In our comprehensive study, we conducted a deep proteomic characterization encompassing
over 120 distinct cell lines originating from six different organisms. Employing a semi-
automated workflow, all samples were processed with a KingFisher Apex robot and
subsequently subjected to 2-hour data-independent acquisition (DIA) runs utilizing cutting-
edge LC-MS/MS systems, including the Vanquish Neo UHPLC System, Orbitrap Eclipse
Tribrid Mass Spectrometer, and Orbitrap Exploris480 Mass Spectrometer from Thermo
Fisher Scientific. Additionally, 12 cell lines underwent an extensive characterization
involving six gas-phase fractions (GPF).
In human cell lines, single-shot DIA measurements yielded an average identification of more
than 8,000 unique proteins. The implementation of GPF increased this number, resulting in
the identification of over 10,000 unique protein groups. Mouse cell lines exhibited an average
identification of 7,500 proteins, while rat cell lines displayed an identification of 8,100
proteins.
A key focus of our analysis was the expression profiling of different kinase groups within the
characterized dataset. Human cell lines consistently exhibited the unique identification of 300
to 436 kinases, with 140 to 220 falling under the category of E3 ubiquitin ligases.

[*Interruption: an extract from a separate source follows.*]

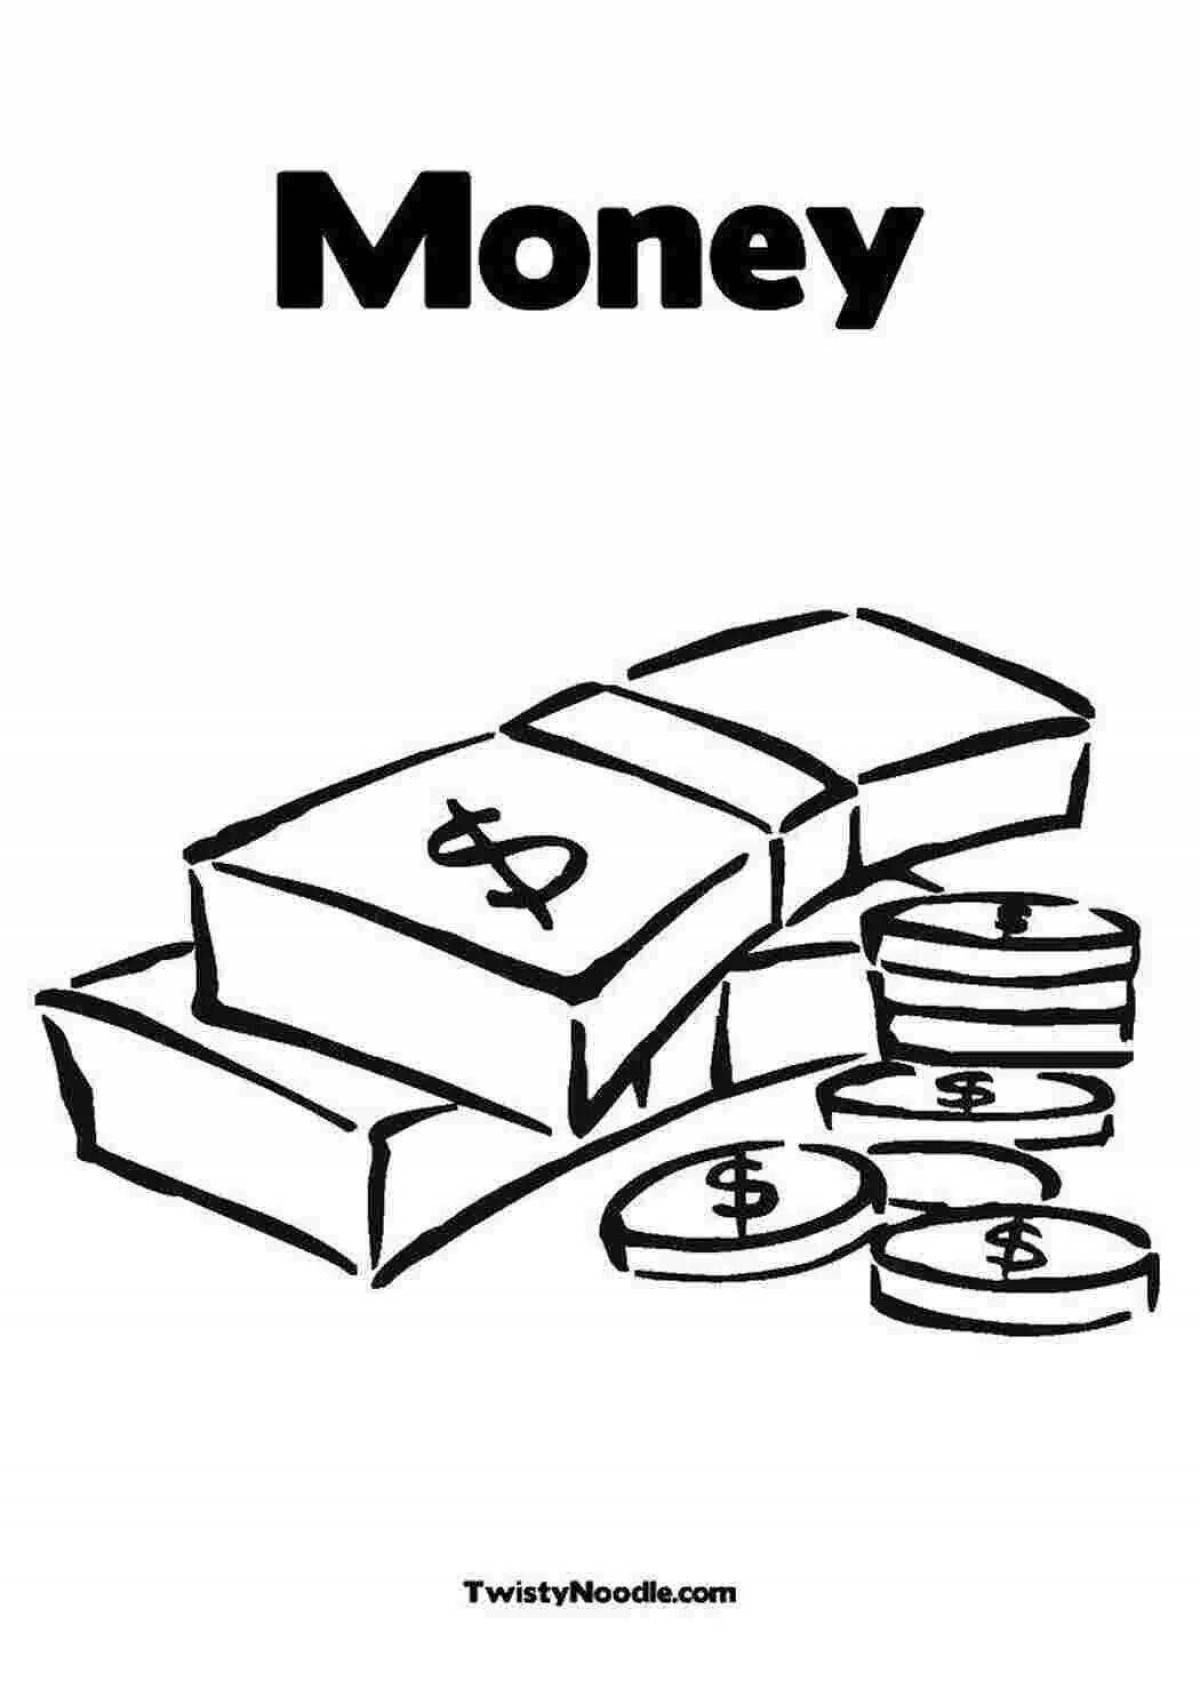 Fun money coloring design

Additionally, we identified 40 to 78 proteins belonging to the dark kinome. This rich dataset
empowers researchers to make informed decisions regarding the selection of optimal cell
lines tailored to specific research inquiries.
In summary, our extensive proteomic characterization of diverse cell lines provides a
valuable resource for the scientific community, facilitating the identification of suitable cell
lines for a myriad of research questions and enhancing the understanding of cellular
responses to various treatments in the context of drug development.